As outlined in the letter, nursing homes will not be given an opportunity to correct deficiencies before remedies are imposed under the following conditions: 

  • Immediate Jeopardy (IJ) identified on the current survey.
  • Deficiencies of Substandard Quality of Care (SQC) that are not IJ are identified on the current survey.
  • Any G level deficiency is identified on the current survey in Resident Behavior and Facility Practices, Quality of Life, or Quality of Care.
  • Deficiencies of actual harm are identified on the current survey and deficiencies of immediate jeopardy or actual harm were identified on any type of survey between the current survey and the last standard survey.
  • Facility is classified as a Special Focus Facility (SFF) and has a deficiency of F level or higher on its current survey.
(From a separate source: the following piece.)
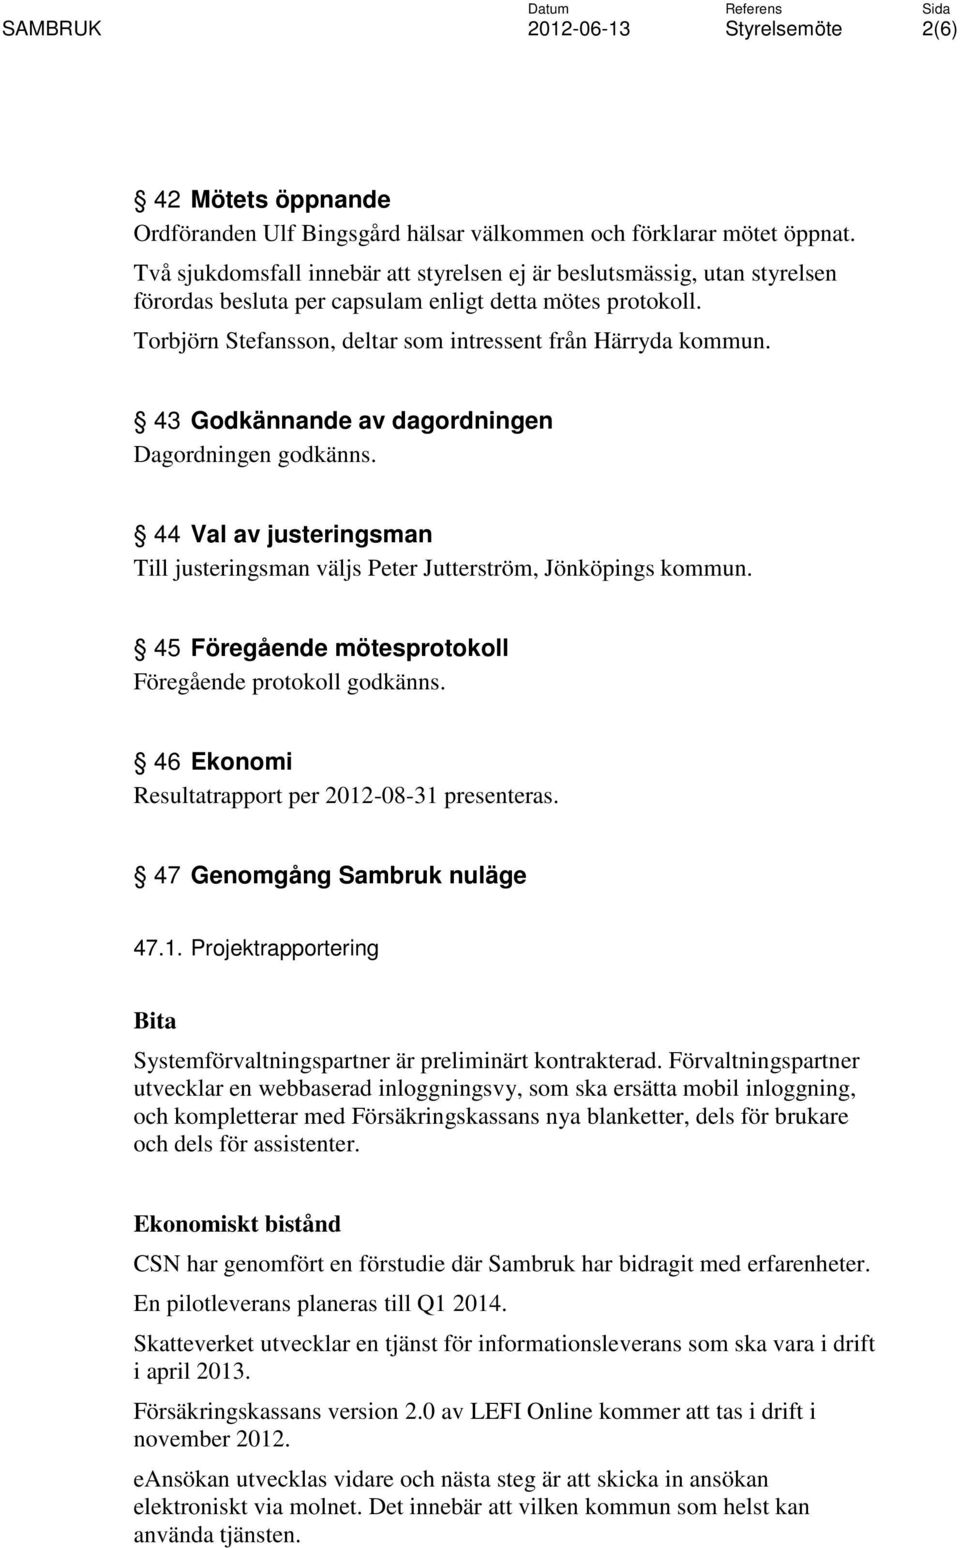 43 Godkännande av dagordningen Dagordningen godkänns. 44 Val av justeringsman Till justeringsman väljs Peter Jutterström, Jönköpings kommun. 45 Föregående mötesprotokoll Föregående protokoll godkänns.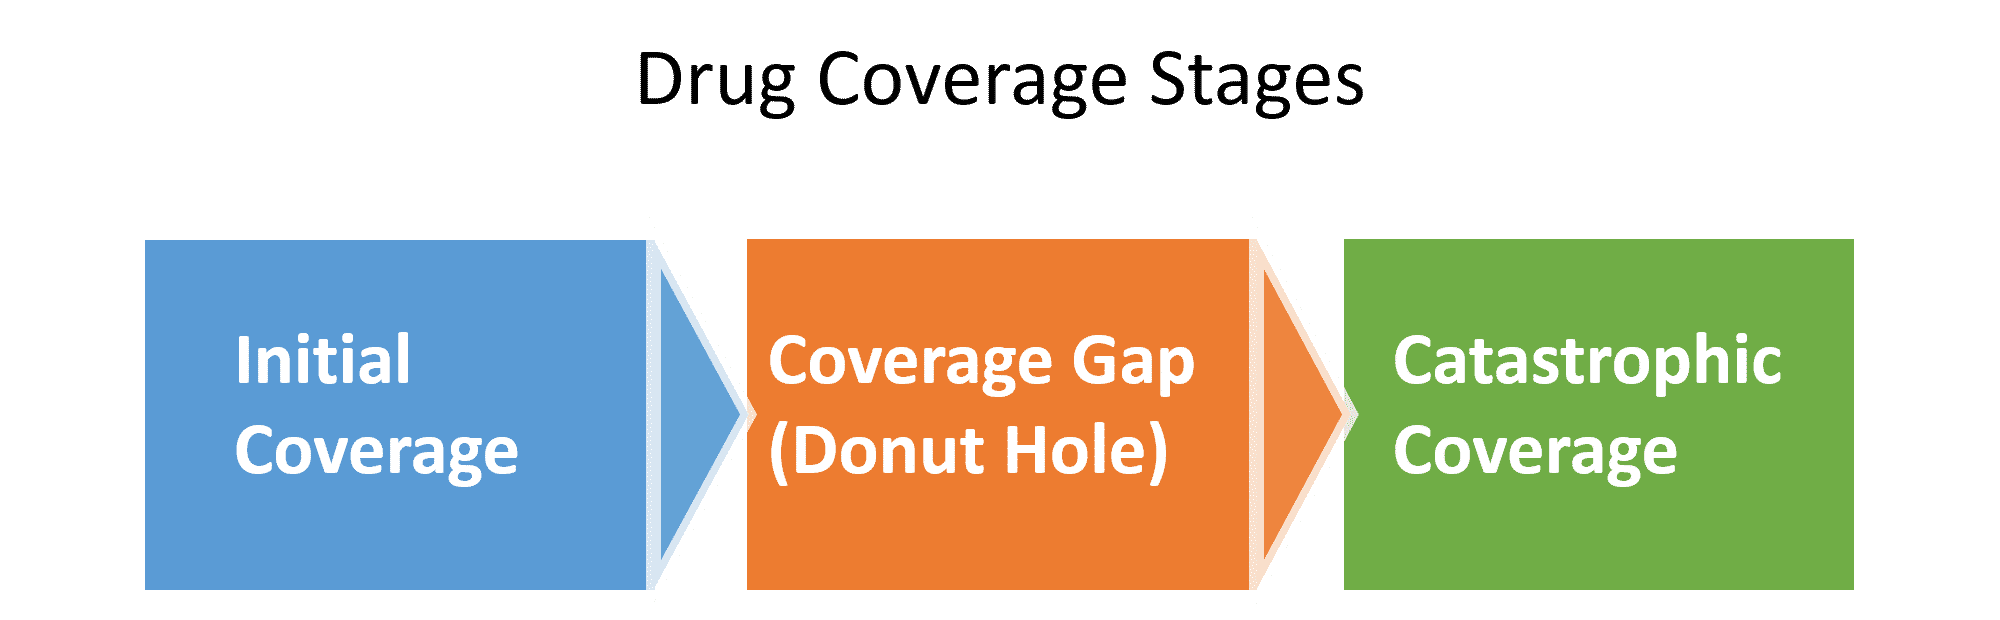 Medicare Part D: Drug Coverage Stages

In June 2016, CMS issued S&C letter 16-27 providing a state-by-state comparison of enforcement remedies used by various states between 2006 and 2014. There was significant variation in what remedies were applied by individual states. This latest S&C letter would appear to address this inconsistency. Our observation in NYS shows similar patterns in terms of Regional Office imposition of Category I remedies (DPOC, Directed Inservice), and it is expected that the latest S&C letter will result in increased imposition of Category I remedies.